At the age of 62 in 1953, Fairweather arrived back from his infamous Raft journey from Darwin to Bali, and decided to settle in a home-made thatched hut on Bribie Island just north of Brisbane in Queensland.

Although Fairweather is known for his reclusive existence on Bribie Island in the later years of his life, it is fascinating that he chose to focus primarily on the figure. Except for a few isolated periods in Fairweather's career, his attempts at abstraction were always met with an insistence on the figure, as he struggled at suppressing his English training.

Fairweathers' work was autobiographical and reflective. The subject of his paintings reflects the cities he had visited, the people, and occurrences in his life. But above all Fairweather's paintings are meditations upon these experiences. Fairweather believed that "Painting is a personal thing. It gives me the same kind of satisfaction that religion, I imagine, gives to some people".

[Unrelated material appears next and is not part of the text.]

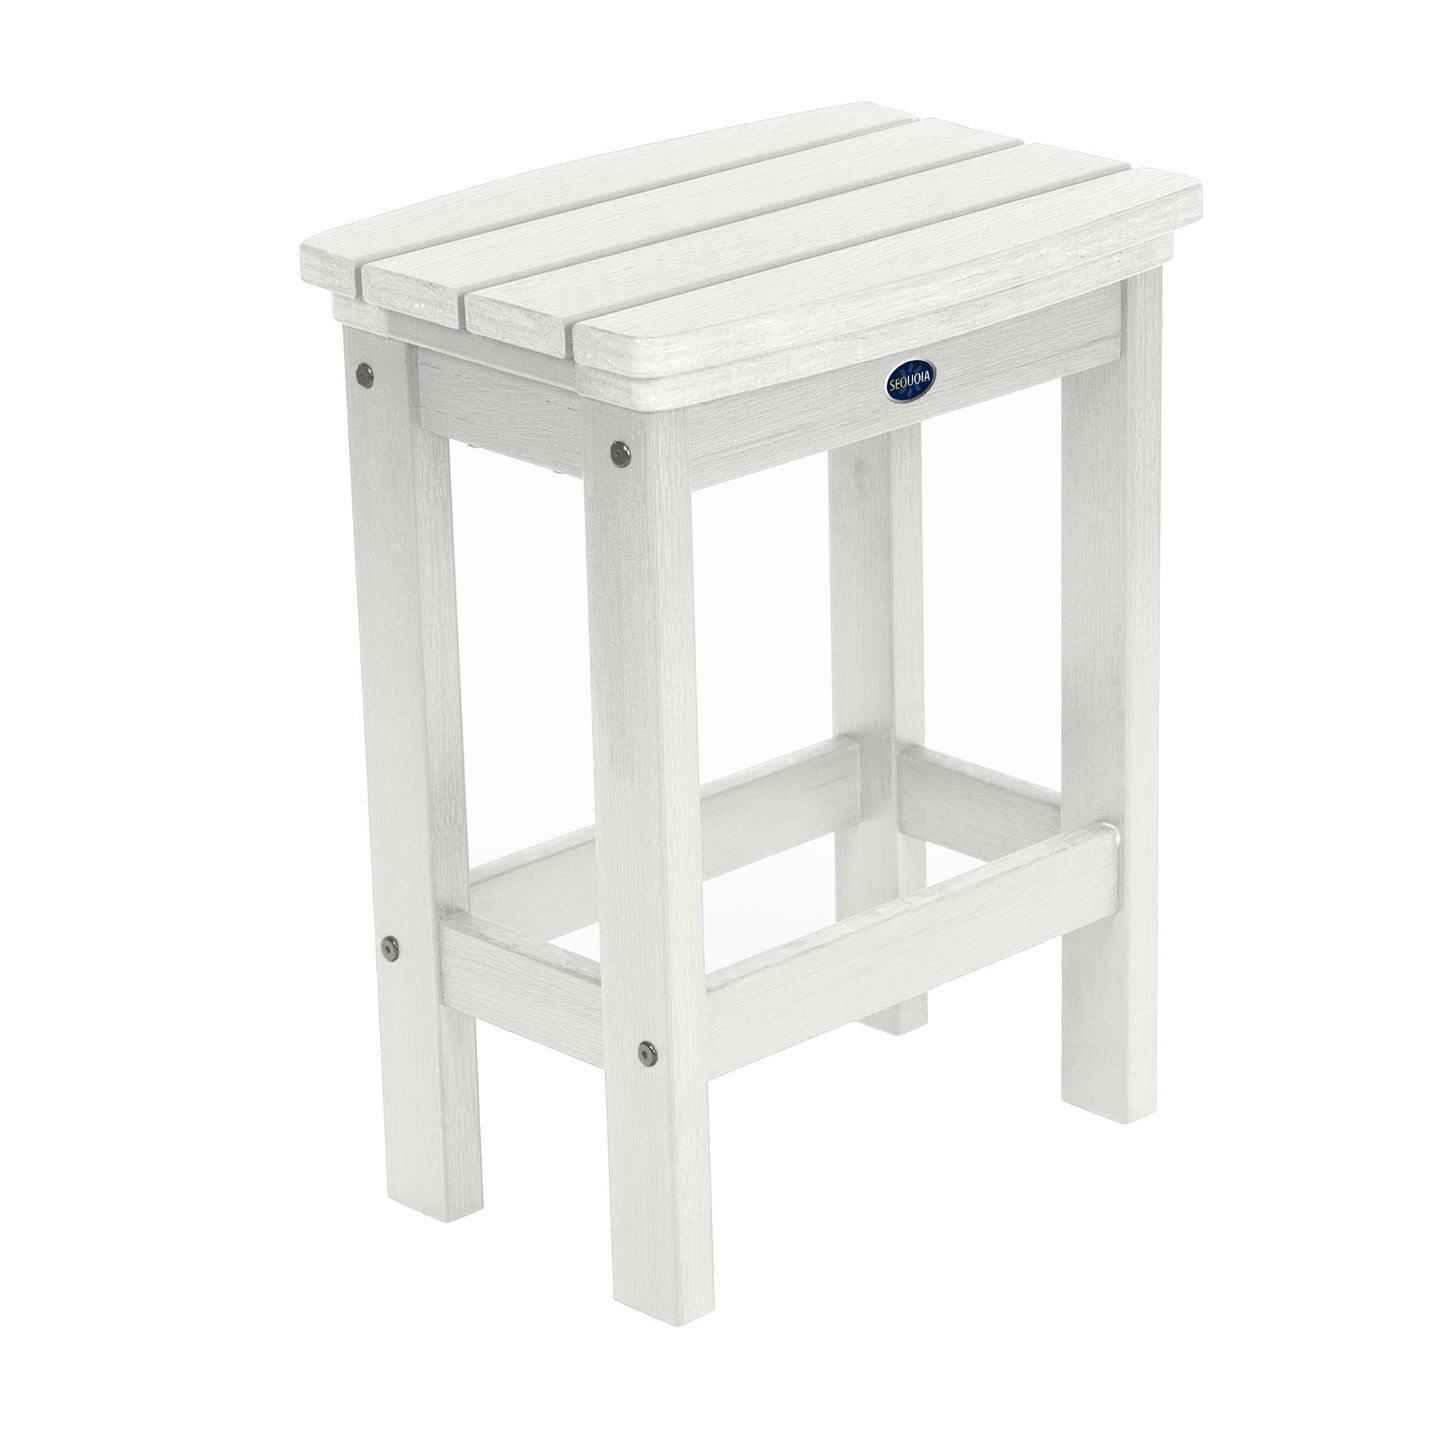 Blue Ridge counter height balcony stool in White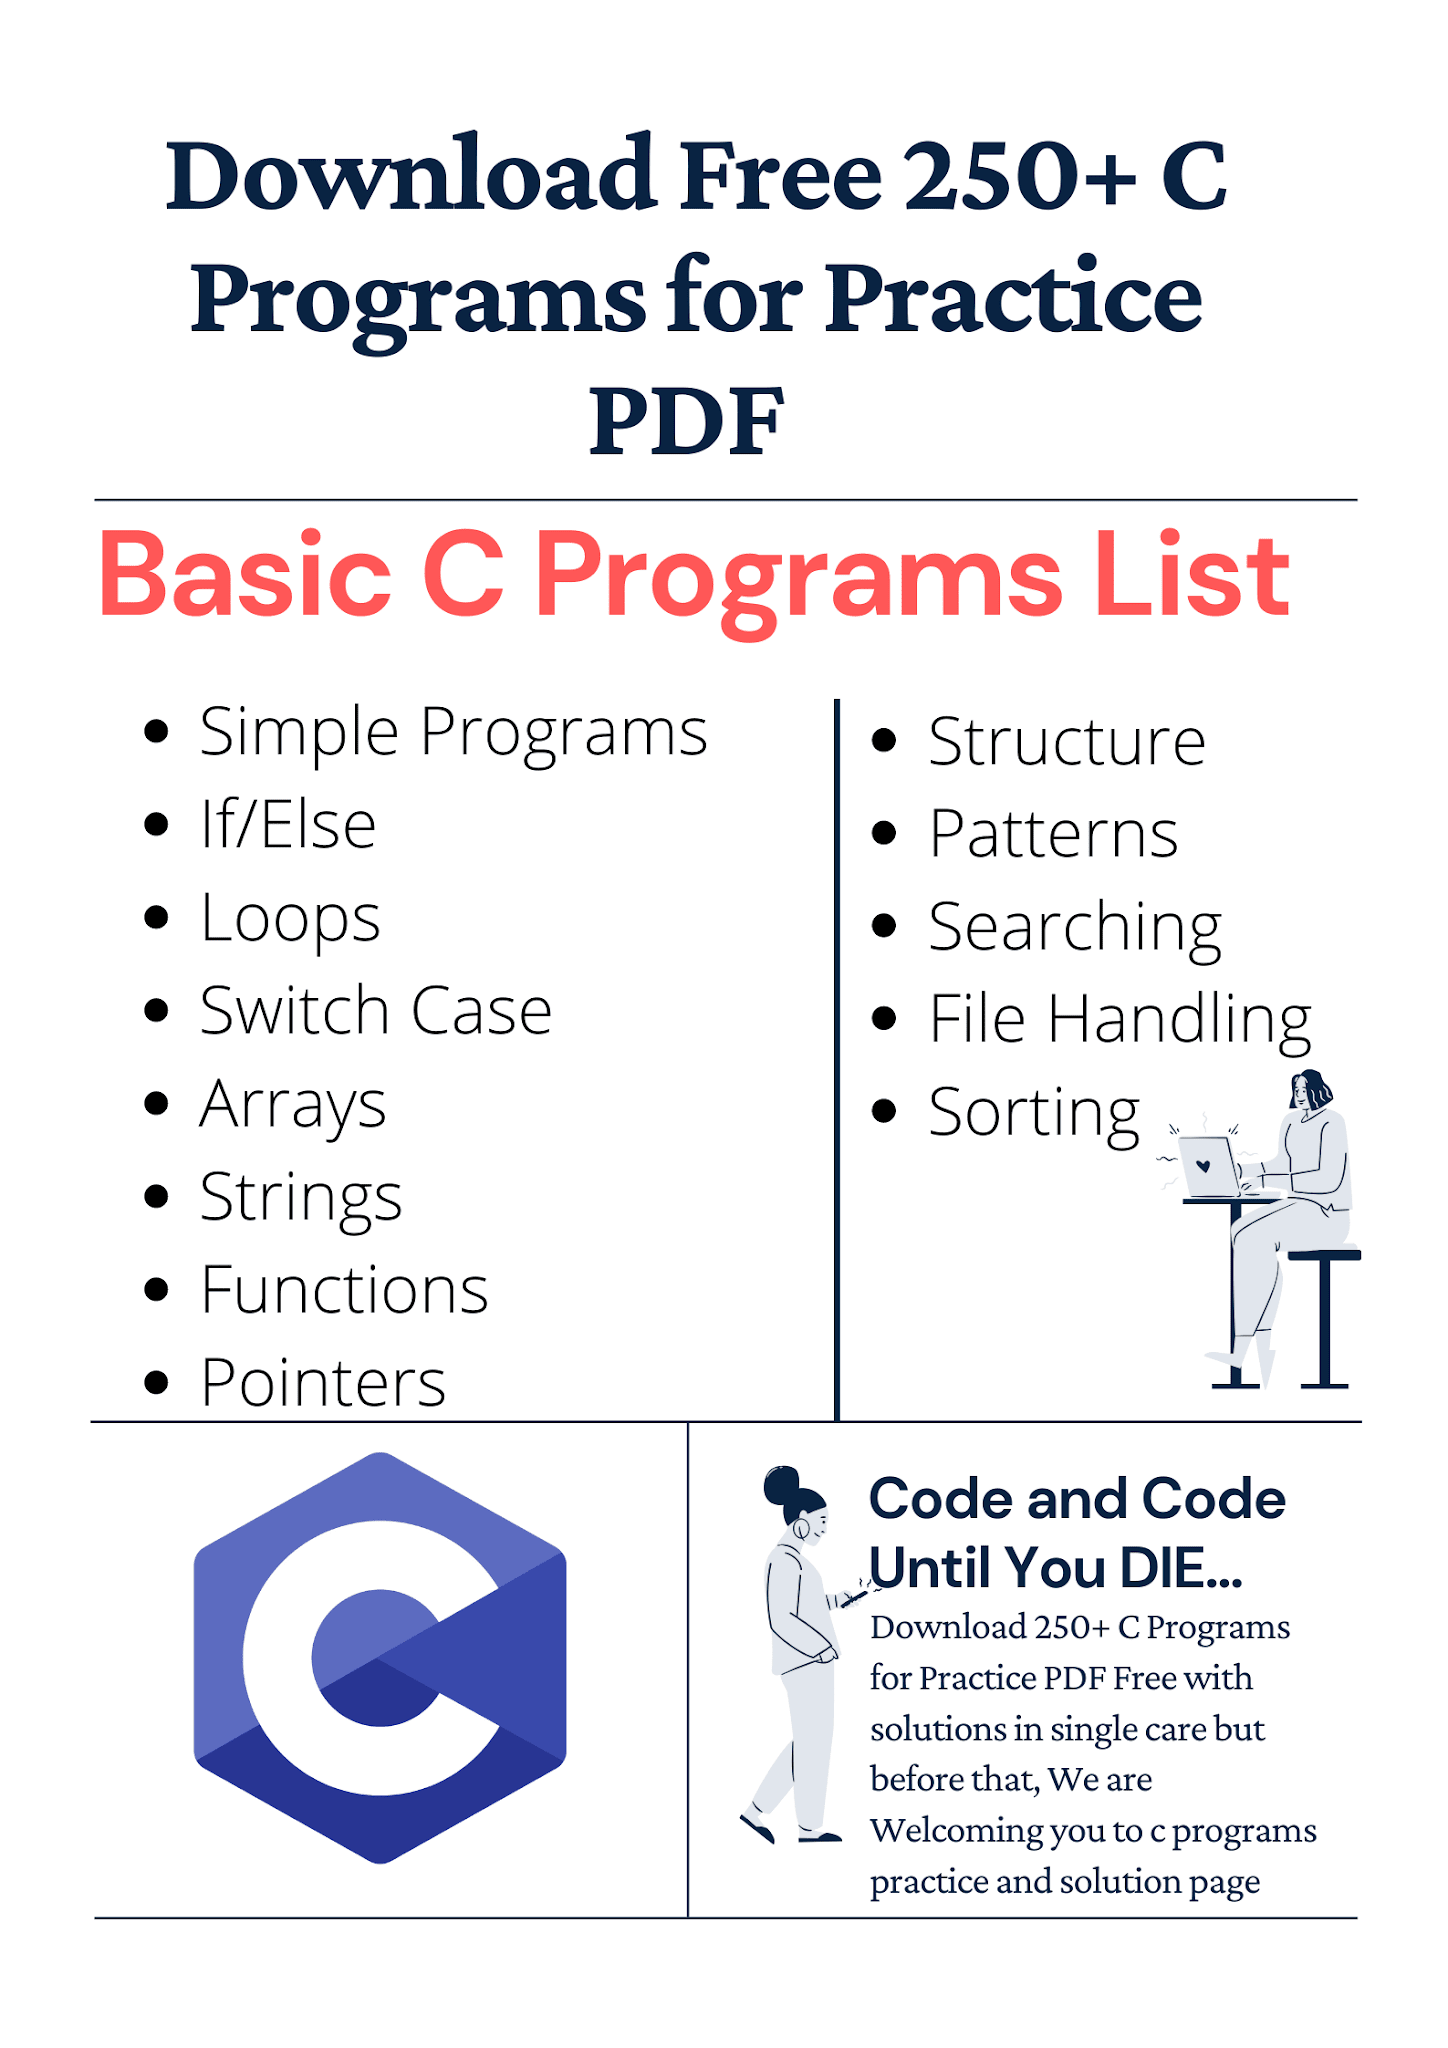 C Programs For Practice Pdf 99 Basic C Programs List Free

'Figure Group' was created in the last few years of Fairweather's life and is a masterly depiction of four figures reduced to loose simple black lines, against a richly dappled background of colour and intense painting. Murray Bail compared the dappled pink to that seen in 'House by the Sea', 1967 and the purple to his masterwork 'Shalimar', c.1962 both held in the collection of the National Gallery of Australia. The composition of figures almost staring out at the viewer, was certainly the common thread in his later works, which Bail again suggested were the authoritarian figures that often confronted the artist at Bribie and in his travels.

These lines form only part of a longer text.